In the CH treatment, switch points were distributed throughout the intake channel and area immediately upstream, whereas under the UL treatment they tended to be concentrated within a narrow band across the channel width (figure 4). Mean depth-averaged flow velocities at the points of behavioural switch ranged from 0.034 to 0.72 and from 0.14 to 0.67 m s⁻¹ for UL and CH treatments, respectively. The median depth-averaged water velocity at the point of switch was higher in the UL compared with the CH treatment (0.67 and 0.57 m s⁻¹, respectively; Mann–Whitney U = 2.68, p = 0.006). Velocity acceleration at the point of switch ranged from 0.001 to 0.051 and from 0.002 to 0.083 for UL and CH treatments, respectively, and did not vary among treatments (Mann–Whitney U = 1.28, p = 0.21).

Figure 4. — Locations of behavioural switch (n = 31) under two flow treatments: (a) unrestricted flow and low water acceleration (UL) and (b) constricted flow with high water acceleration (CH). Contour lines indicate velocity acceleration (m s⁻²).

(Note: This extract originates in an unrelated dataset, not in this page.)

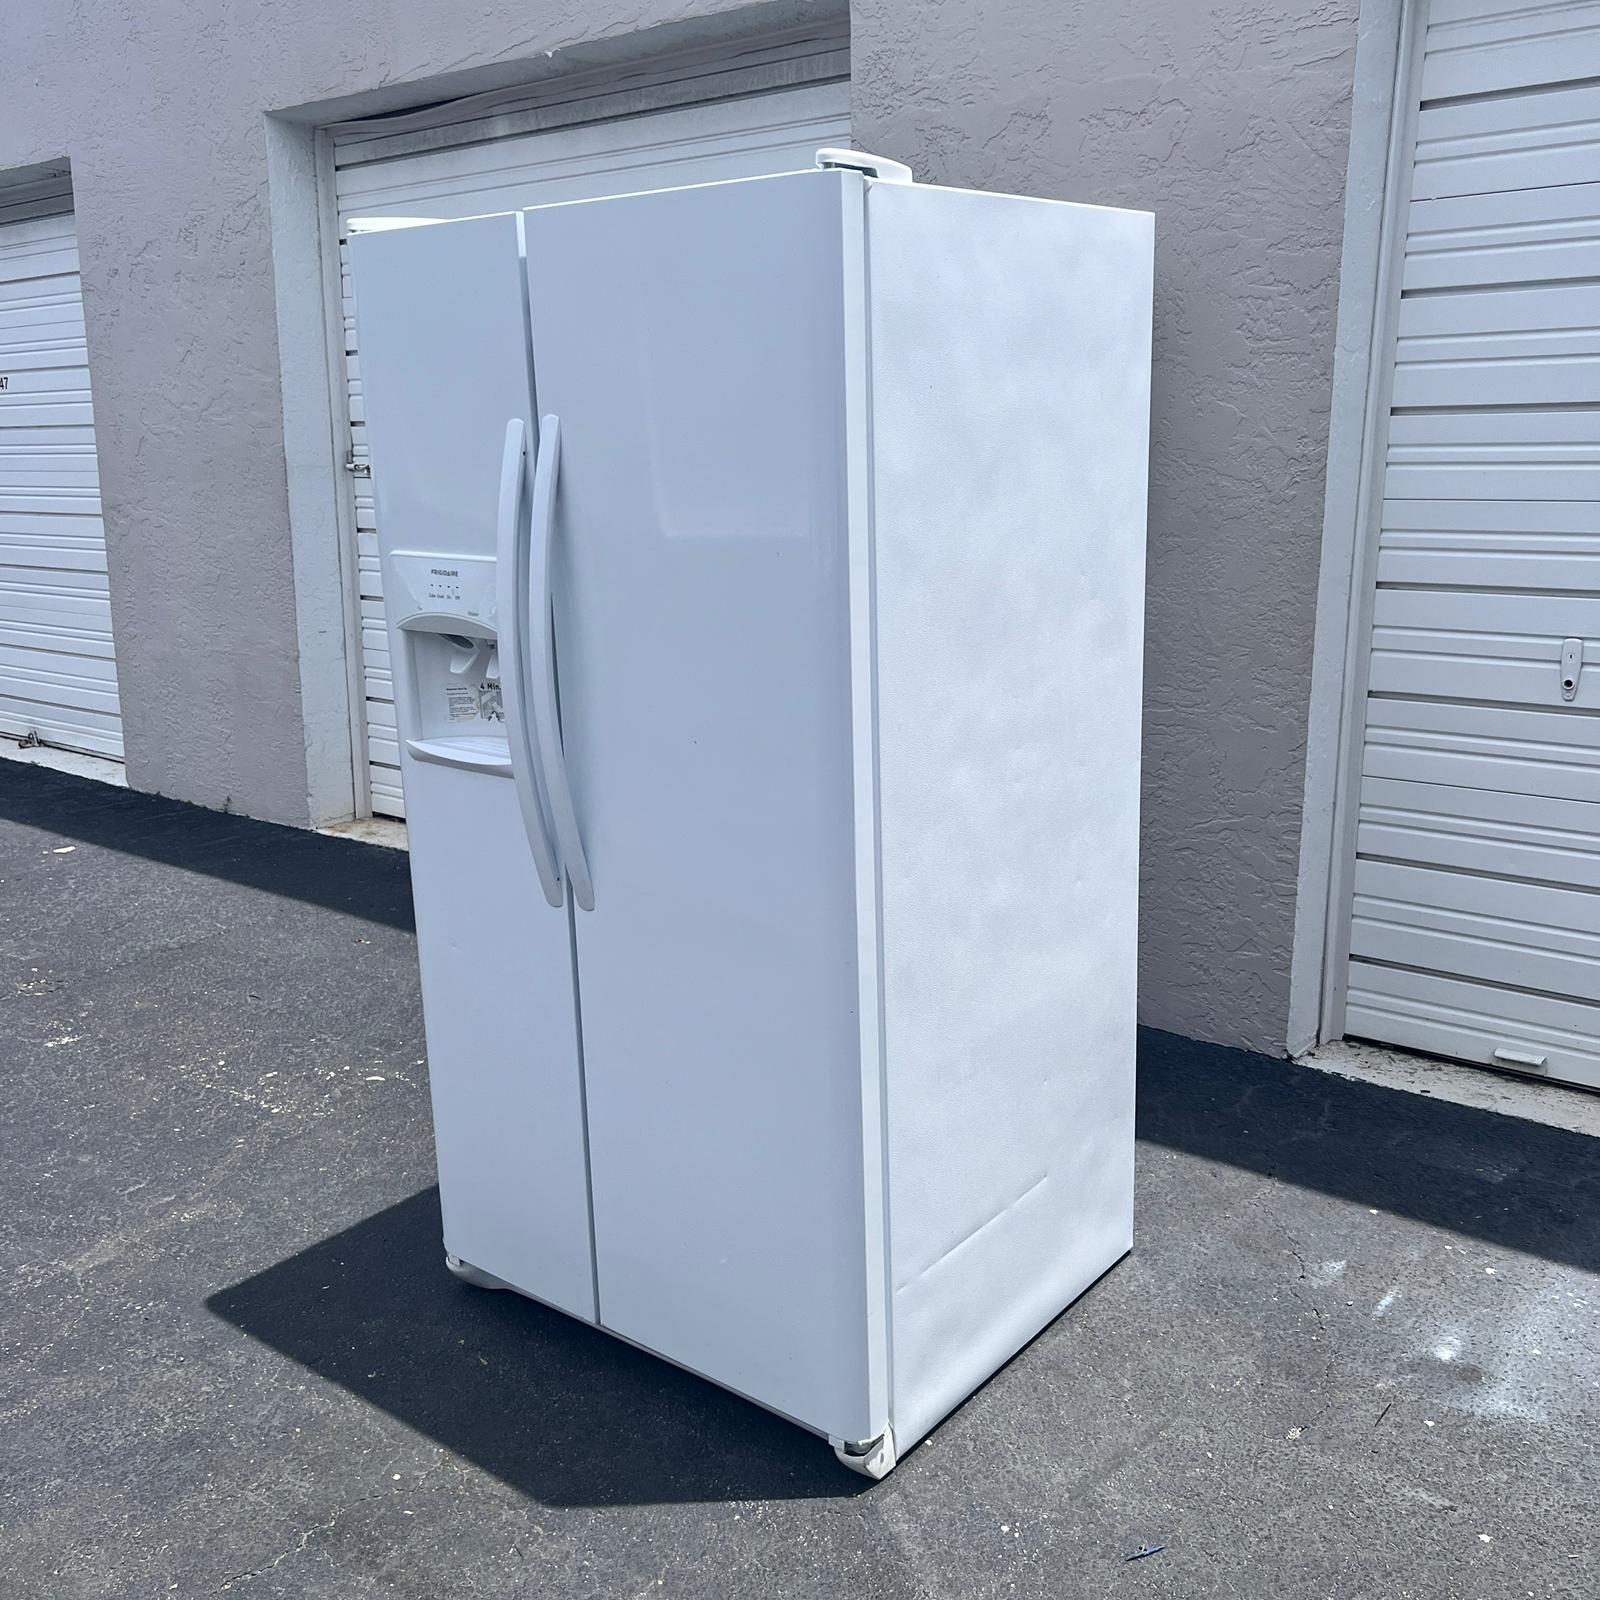 Frigidaire Side by Side Refrigerator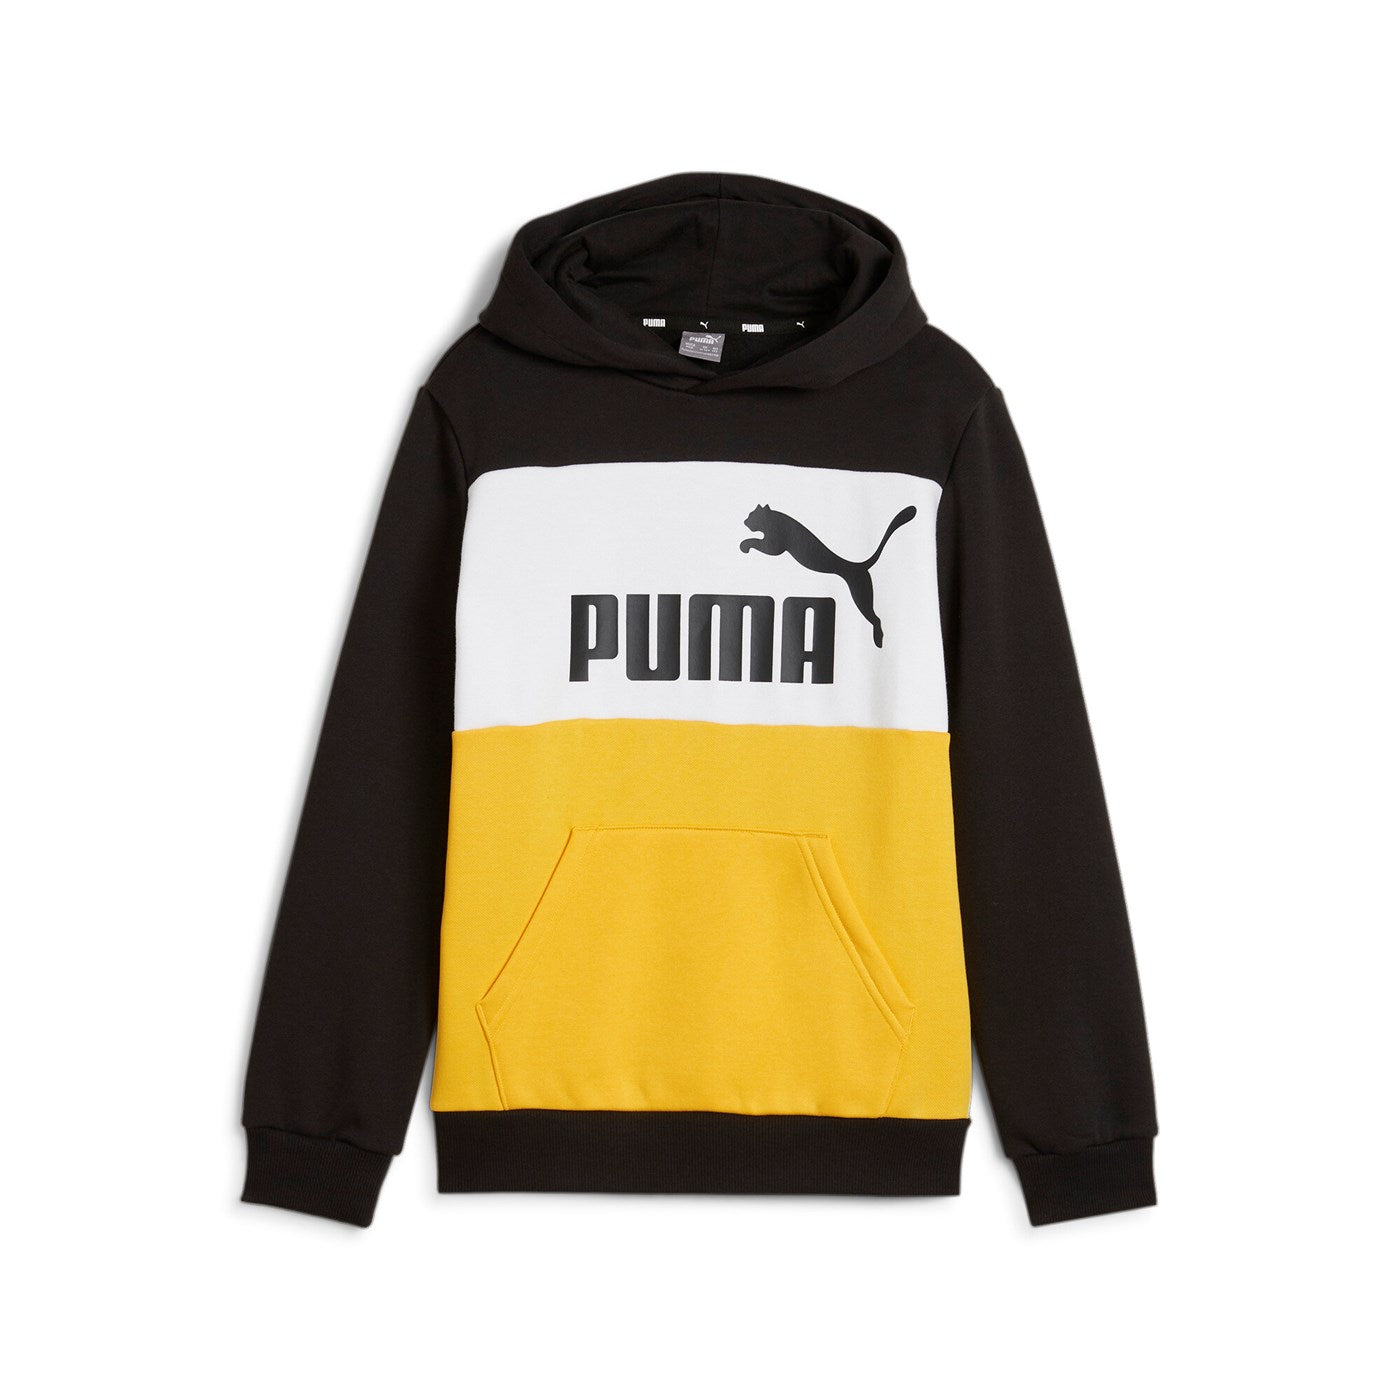 Puma felpa con cappuccio da ragazzo Block 849081-67 giallo-nero

Overall, rejection dominated behaviour immediately following a switch, apparent in 71% of fish. Treatment influenced post-switch behaviour as all fish exhibited rejection (figure 5a) under CH, whereas exploratory behaviour (figure 5b) was observed in 75% of individuals under UL treatment. Nearly all (91%) of the fish that rejected did so multiple times, up to a maximum of four occasions. Second points of rejection occurred closer to the bar rack than the first in 70% of cases.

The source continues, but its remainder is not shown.